“I was protecting Ahura,” Arlais admitted.
Cinnia nodded. “I understand,” she told the woman.
Dillon, Kaliq, Cronan and Cirillo were suddenly coming toward them, and Cinnia smiled. She drew Arlais forward and introduced her to the magical quartet.
“You are he who saved the Yafir,” Arlais said as she curtseyed to Cronan.
“I am he,” Cronan admitted.
“I have never before met a Shadow Prince although we had certainly heard of your kind, and their great magic,” Arlais said shyly.
“How pretty you are,” Cirillo murmured, and Nidhug growled low, her nostrils glowing orange-red.
“Thank you,” Arlais told him. “And you are very bold, but then it is said that faerie men are forward.”
Kaliq chuckled at Cirillo’s surprise, for the young faerie prince was not used to being scolded by any other than his mother.

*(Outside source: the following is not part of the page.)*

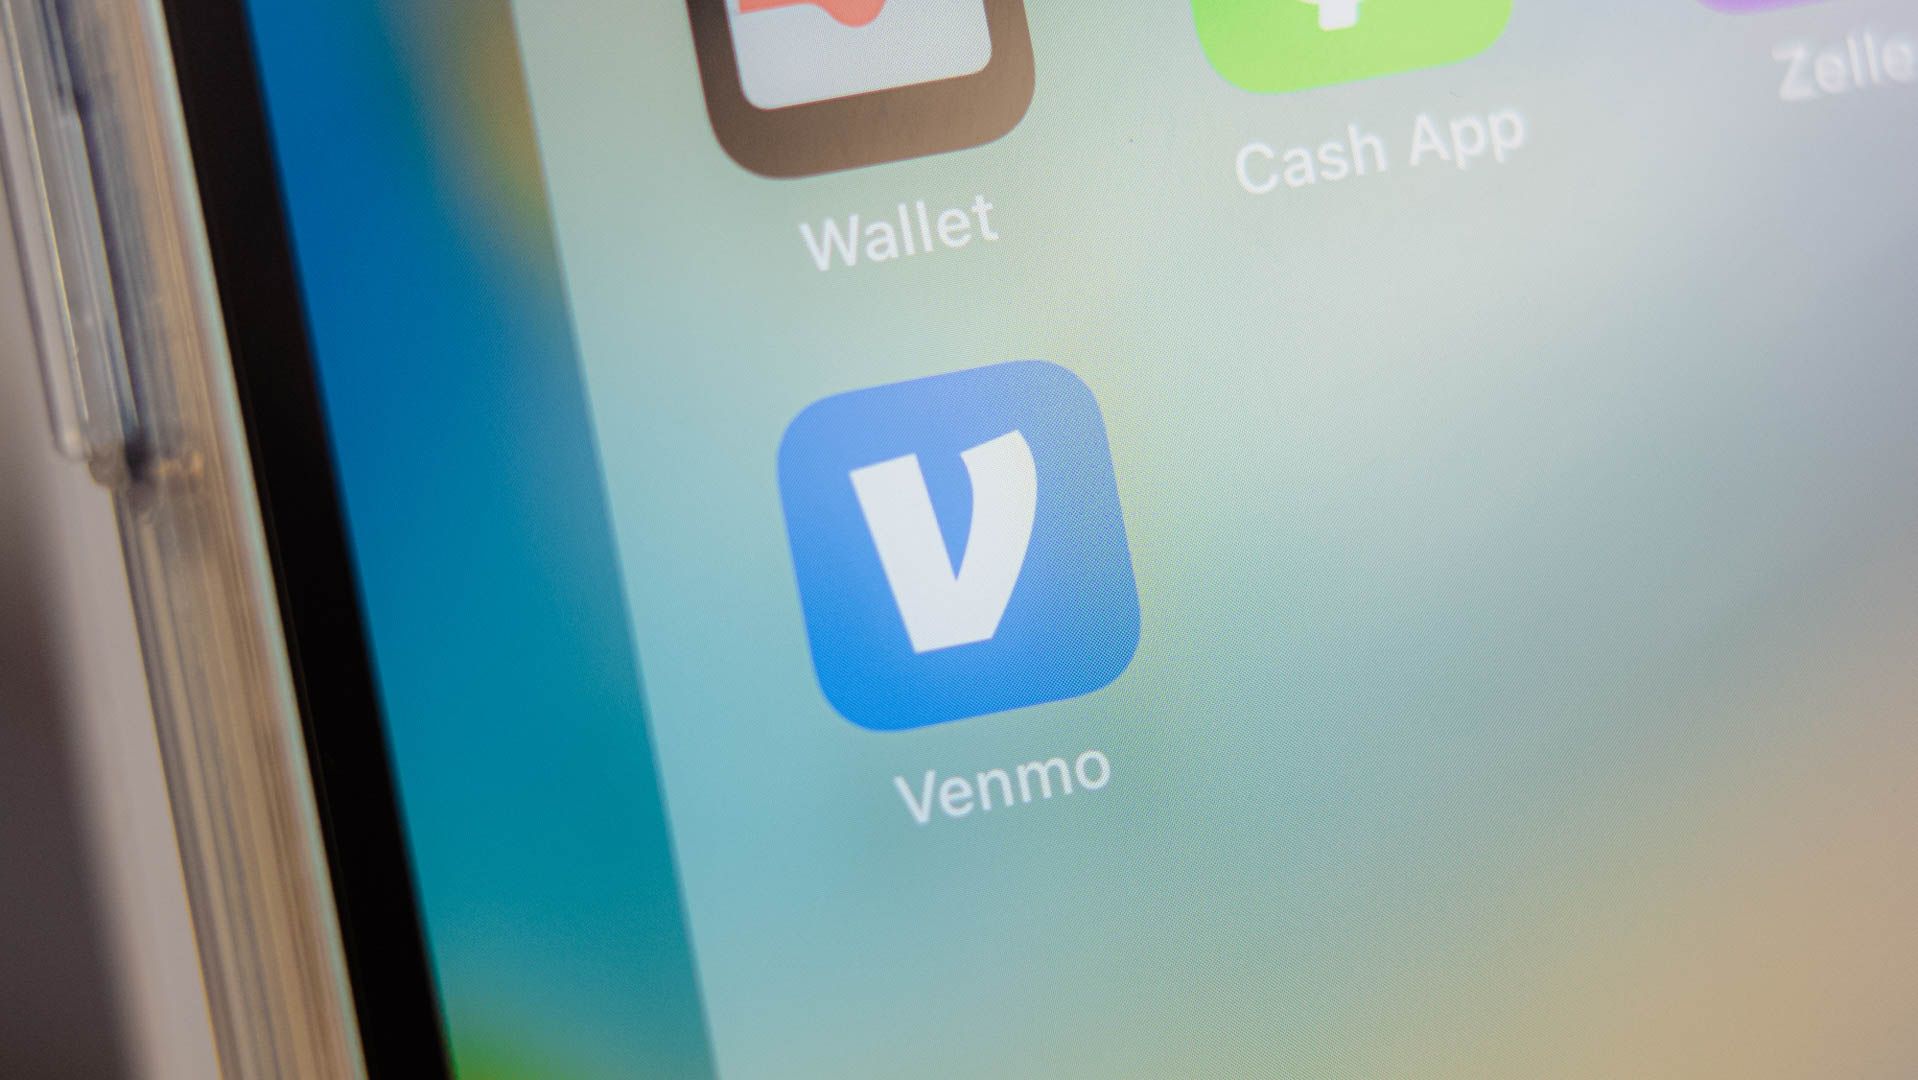 The Venmo app icon on an iPhone.
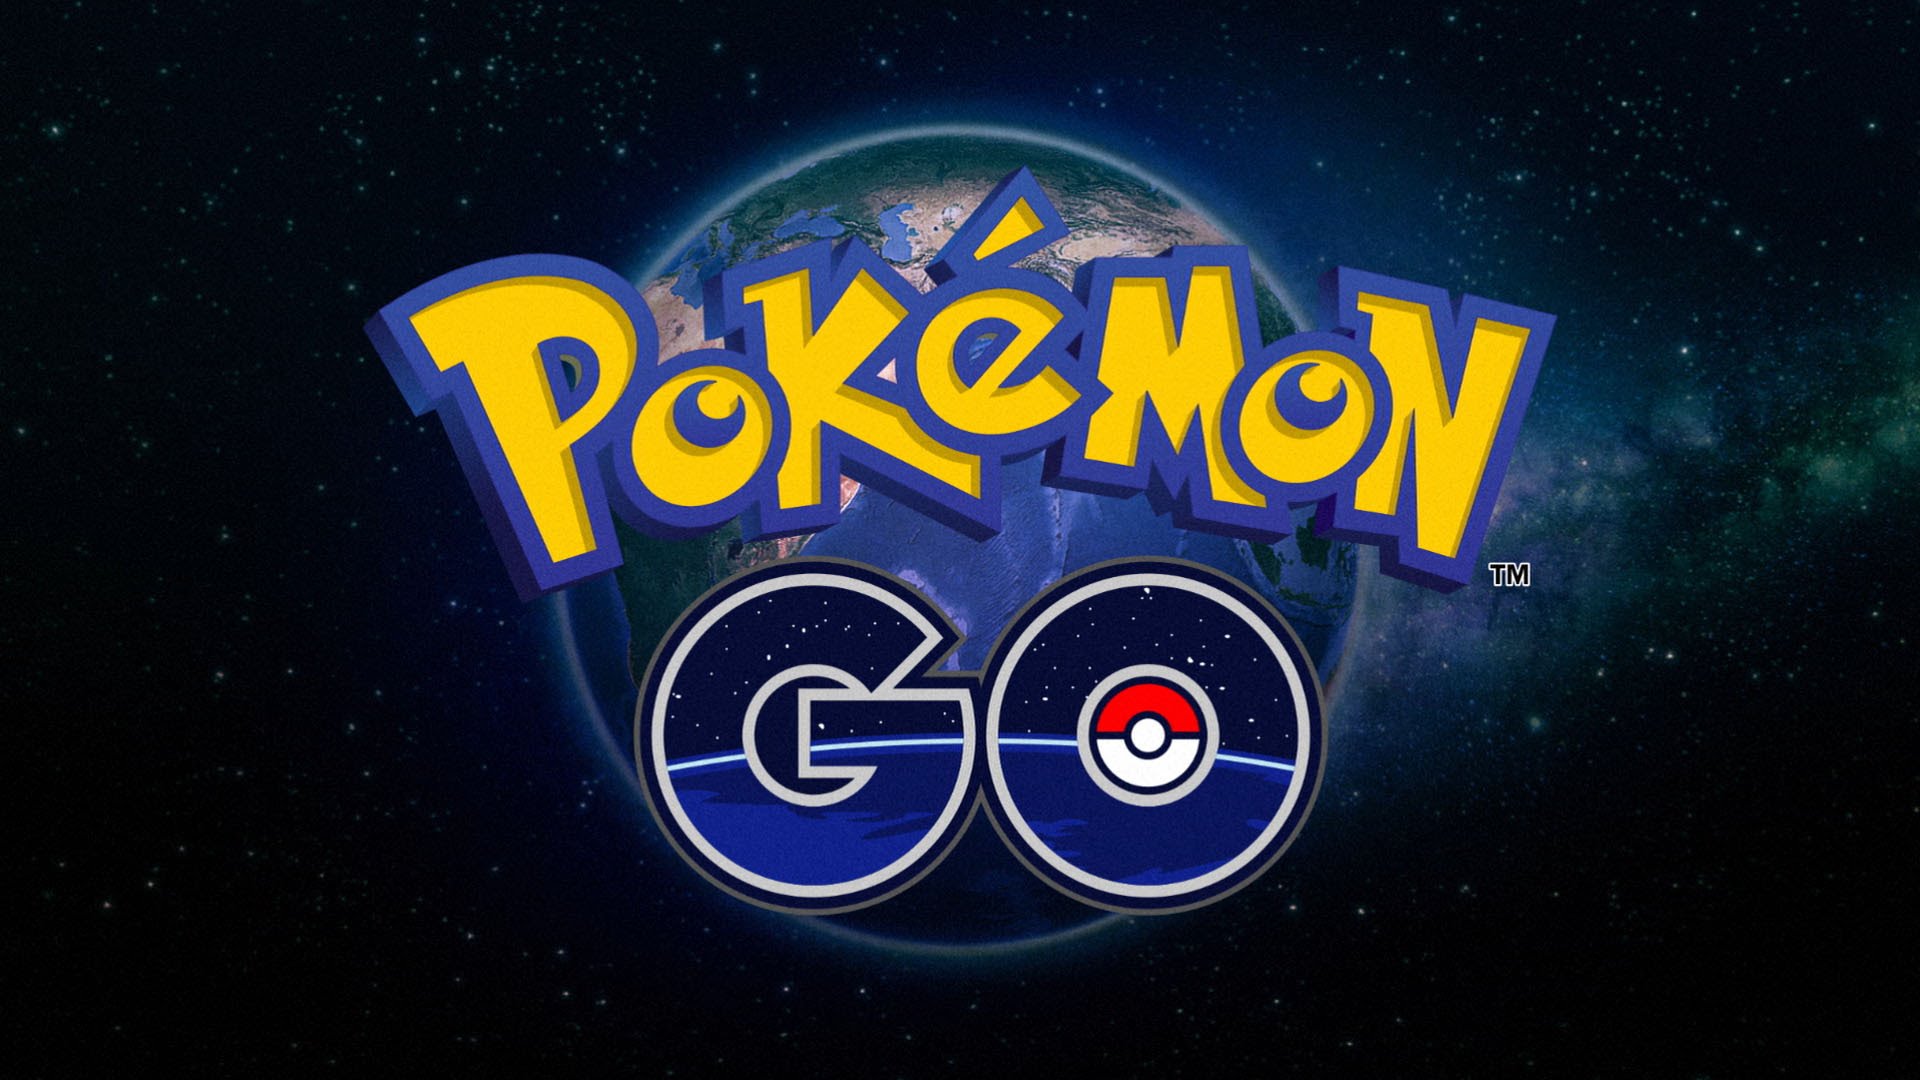 ‘Pokémon GO’ to Surpass Twitter in Daily Active Users

“Quite right, faerie men are much too bold,” Nidhug agreed.
Arlais curtseyed to the king. “You truly seek peace between my people and the Belmairans?” she asked him.
“I do,” he said, “and we shall have it, my lady, if it takes a thousand years although I hope we may come to be one people sooner. Speak with your lord, and tell him that we would be friends. That I hold no ill will toward him, but I will not tolerate rebellion from him. When he is ready to speak with me I will be ready to listen.”
Then before Arlais’s eyes the king and his party disappeared in a great puff of bright blue smoke. Arlais stood where she was for several long minutes as she realized that Ahura Mazda had to make his peace with the Belmairan king. He really had no other choice for these were powerful beings, and the young sorcerer now ruling Belmair would brook no interference with his plans. She had seen that in his eyes. She walked slowly back into the castle. Within she found something she had not known in years. Happiness. The servants were smiling. The children and their nurses made their way past her, going into the gardens to play in the warm sunshine. She found her way to the common room.
“Is he awake yet?” she asked of no one in particular as she entered.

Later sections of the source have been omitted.